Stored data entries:
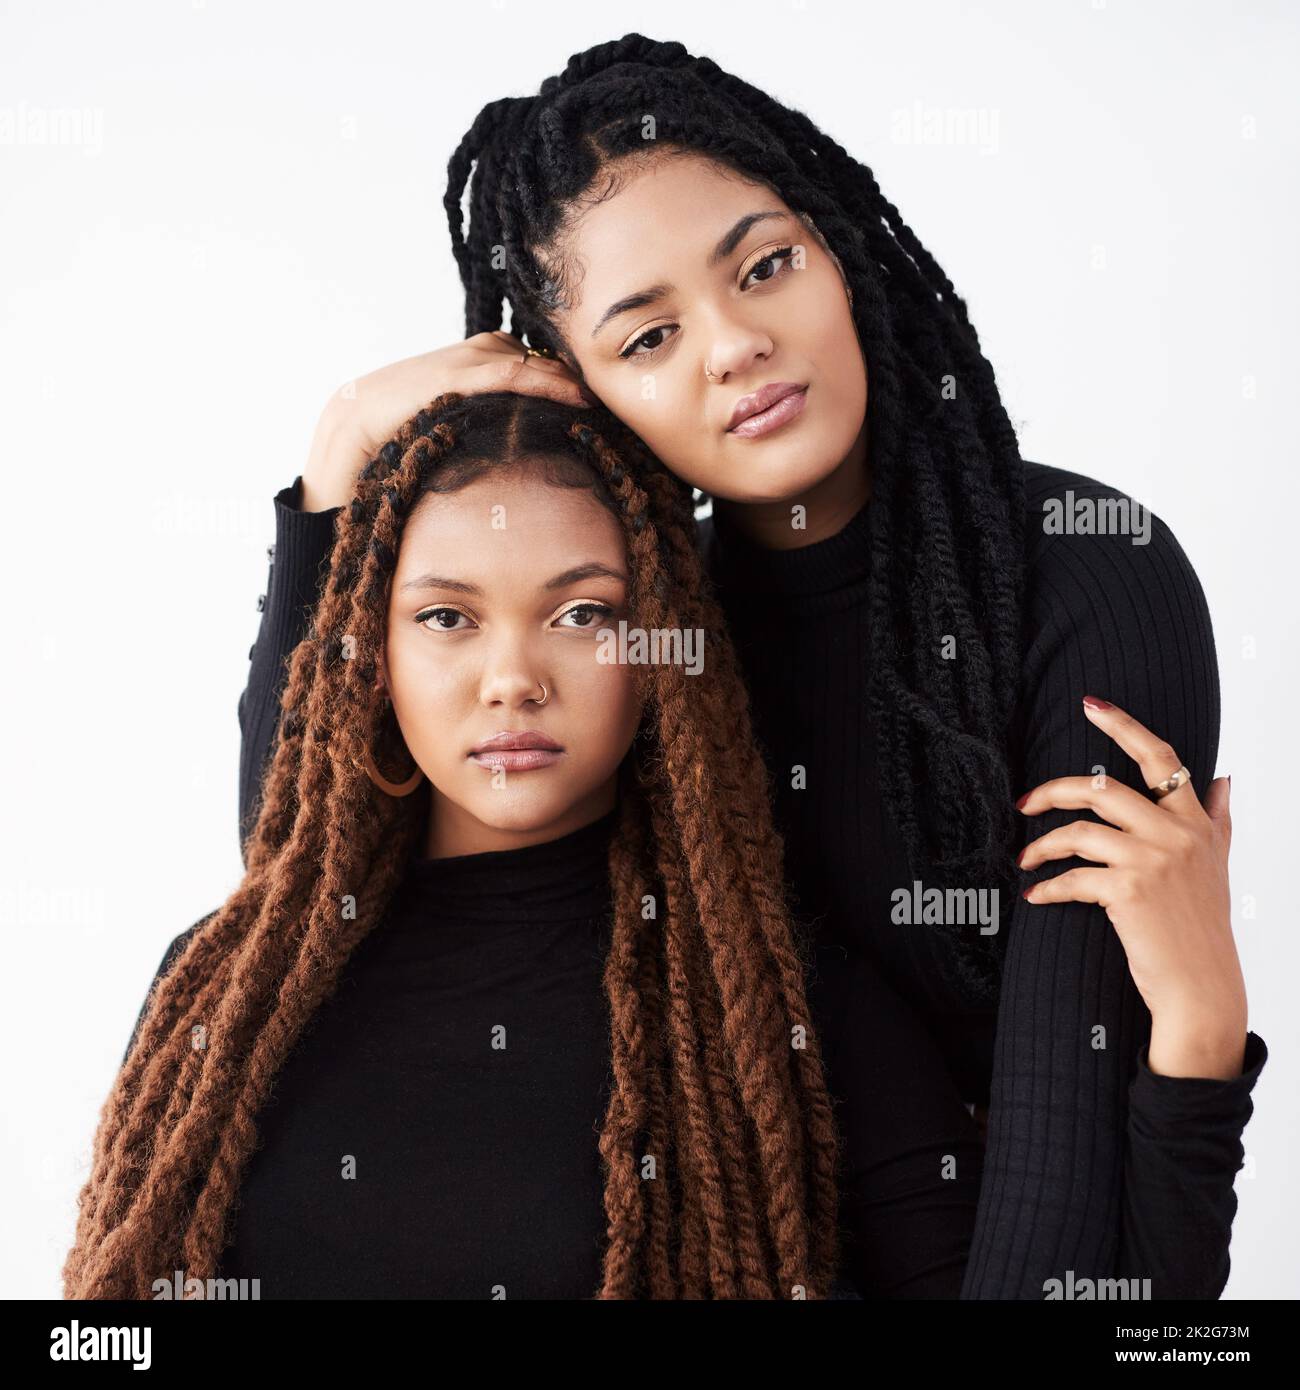 Sich mit ihrer Mode heftig zu fühlen. Studioaufnahme von zwei schönen jungen Frauen, die vor einem grauen Hintergrund posieren. Stockfoto
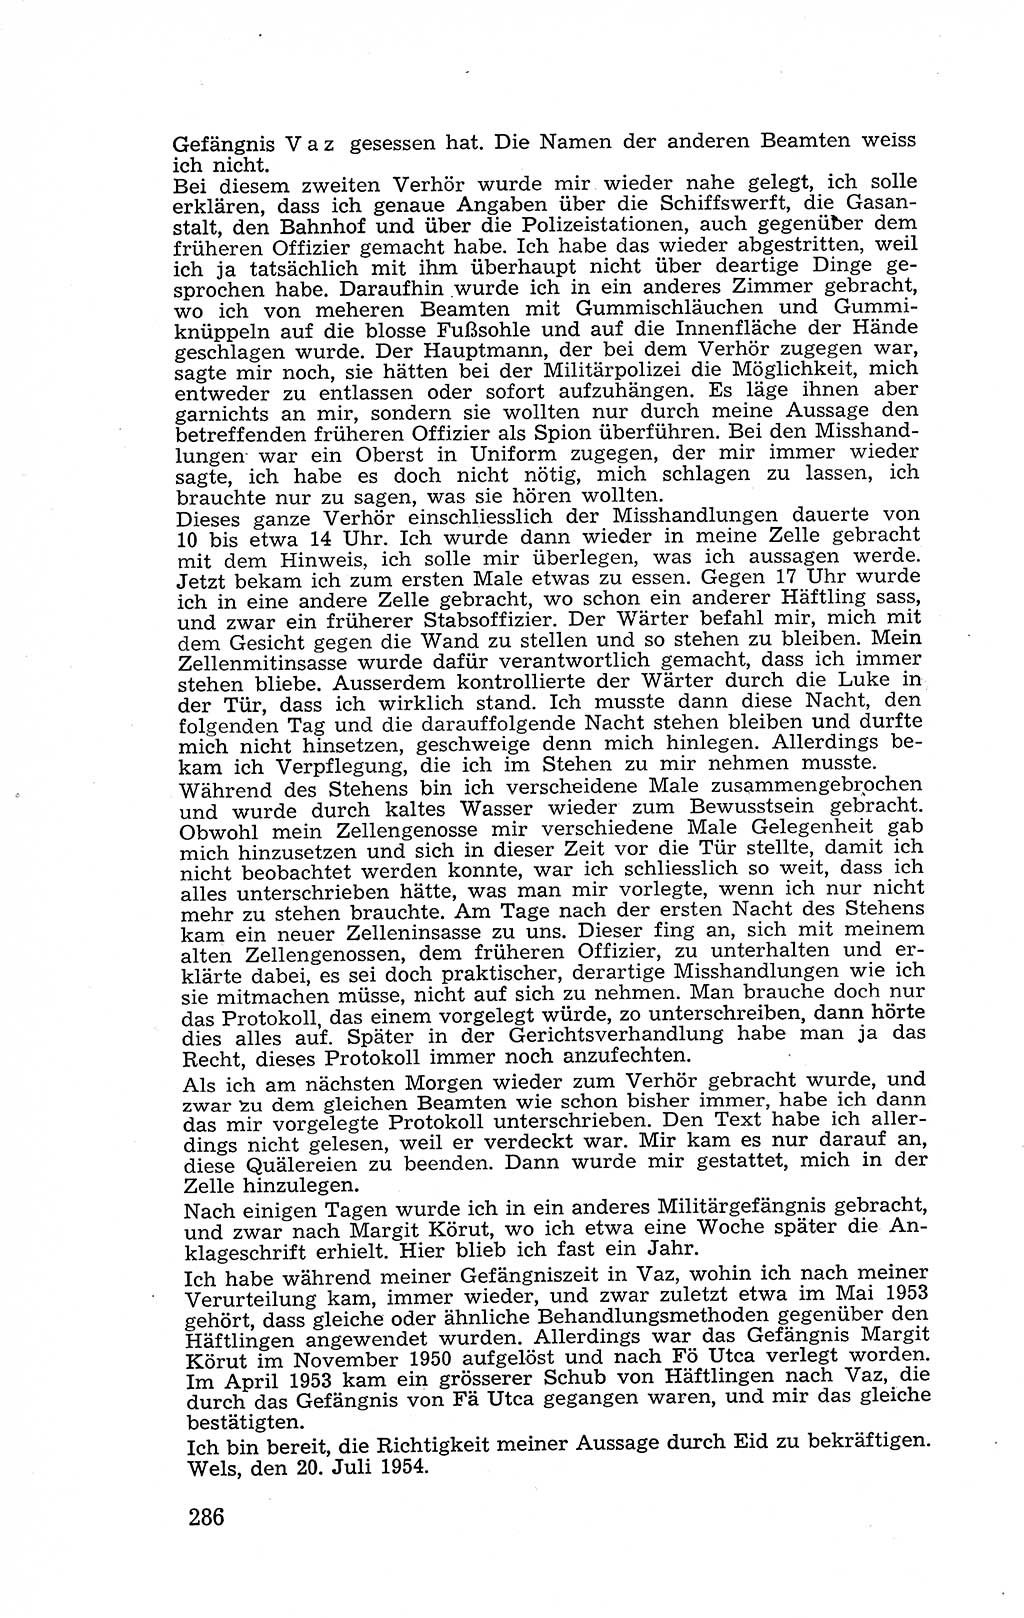 Recht in Fesseln, Dokumente, Internationale Juristen-Kommission [Bundesrepublik Deutschland (BRD)] 1955, Seite 286 (R. Dok. IJK BRD 1955, S. 286)
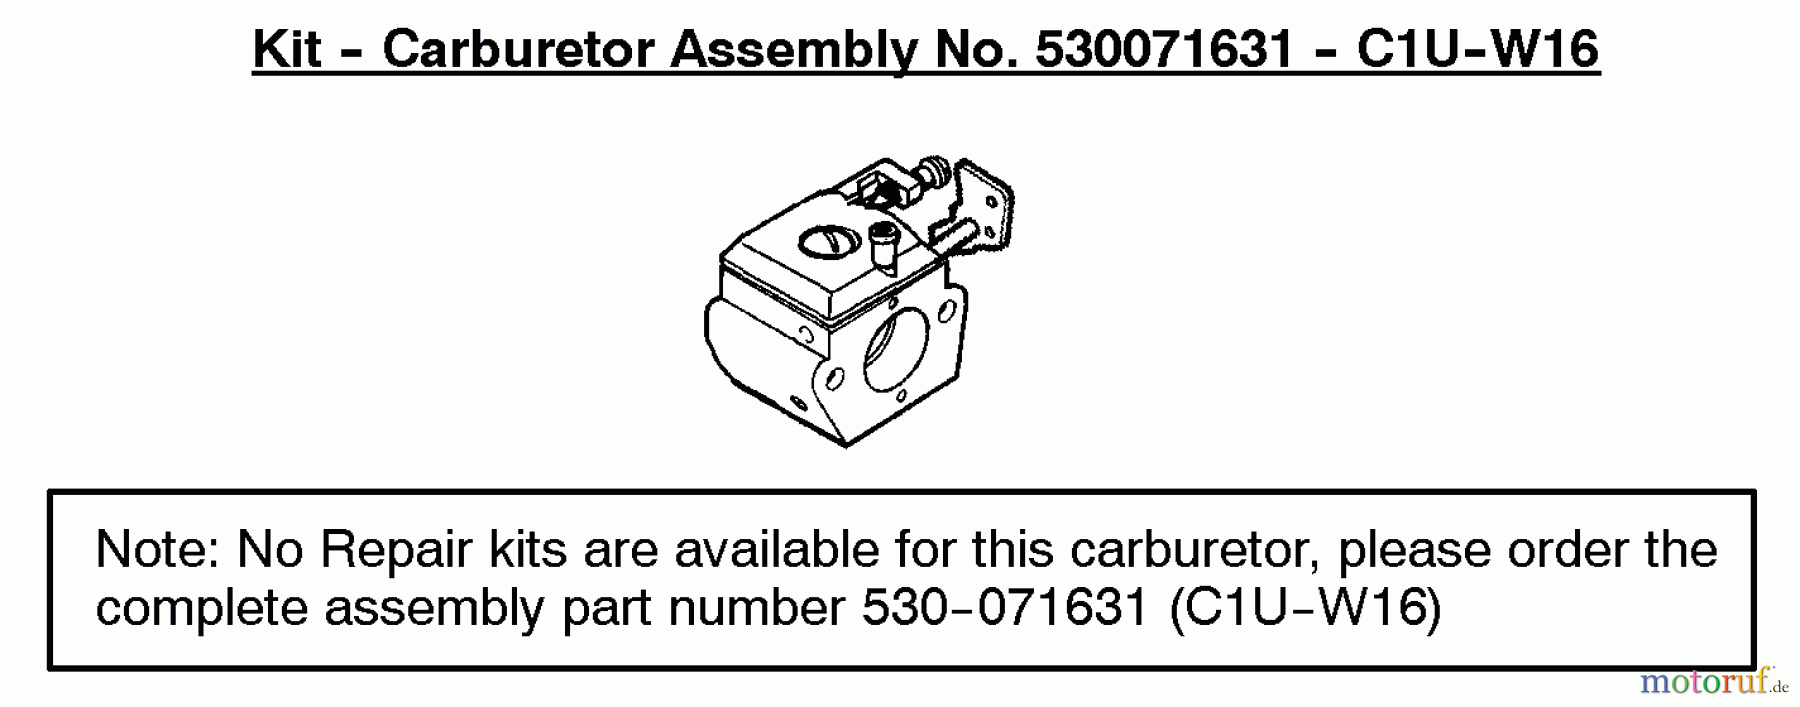  Poulan / Weed Eater Motorsensen, Trimmer BC2500LE (Type 1) - Weed Eater String Trimmer Carburetor Assembly (C1U-W16) 530071631
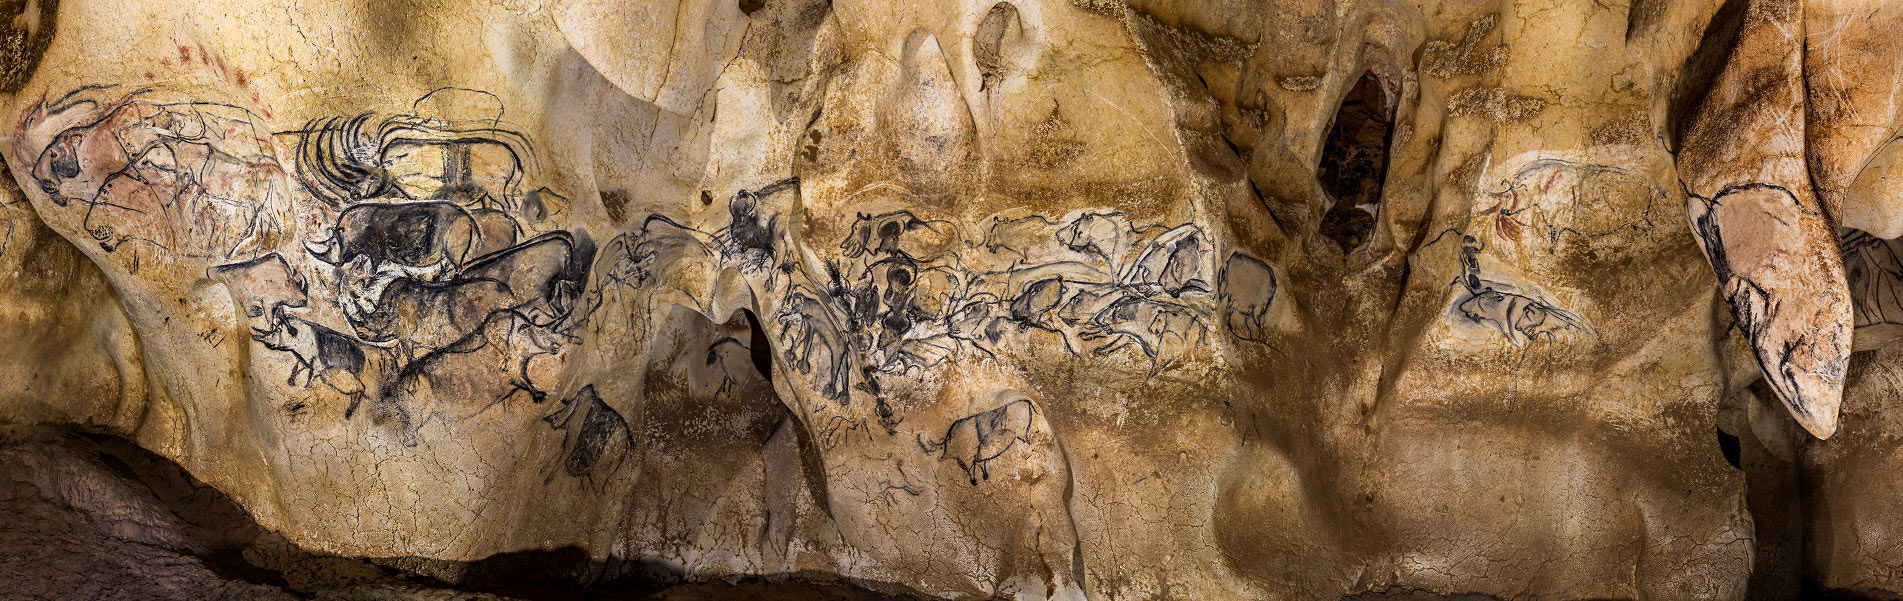 Le grand panneau des Lions de la grotte Chauvet
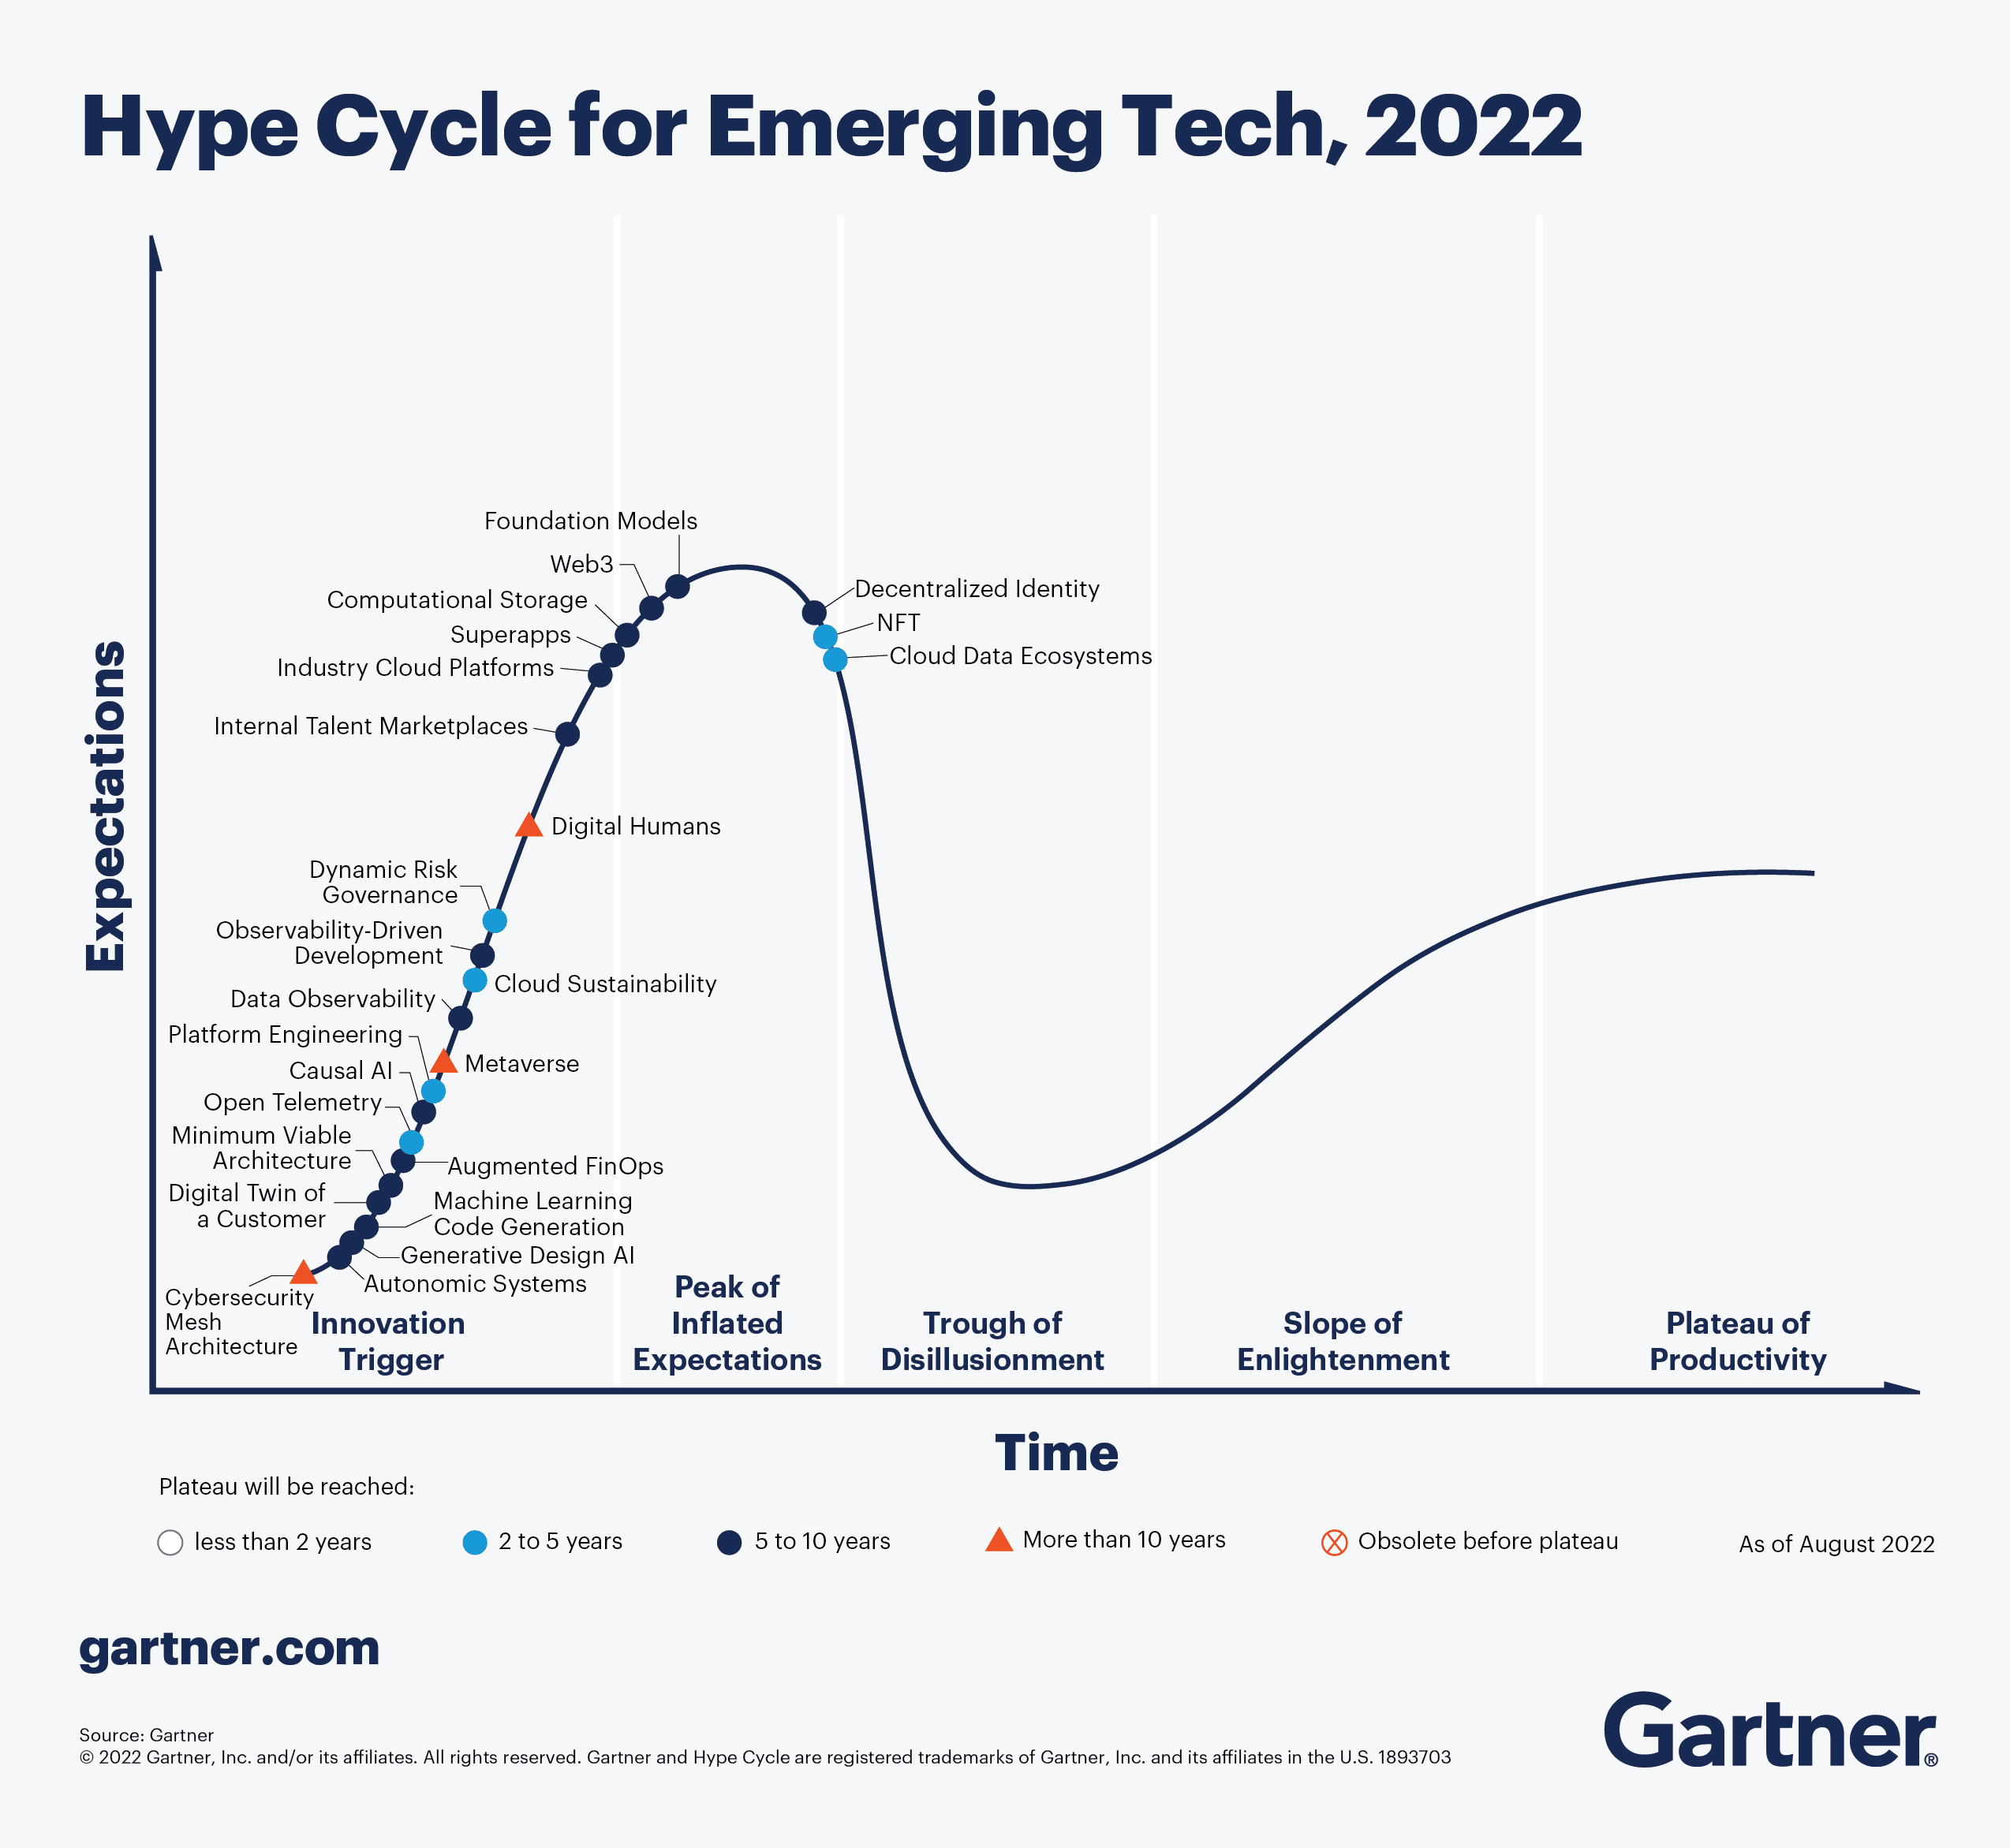 Graphique du Hype Cycle pour l'année 2022 plaçant les technologies emergentes le long de la courbe.

# Problem to work on:
Write out, exactly and with nothing added, every line from the one that holds "Poulan / Weed" to the end of the entries above; pictures stay out.

# Response area:
  Poulan / Weed Eater Motorsensen, Trimmer BC2500LE (Type 1) - Weed Eater String Trimmer Carburetor Assembly (C1U-W16) 530071631
 Le grand panneau des Lions de la grotte Chauvet
 Graphique du Hype Cycle pour l'année 2022 plaçant les technologies emergentes le long de la courbe.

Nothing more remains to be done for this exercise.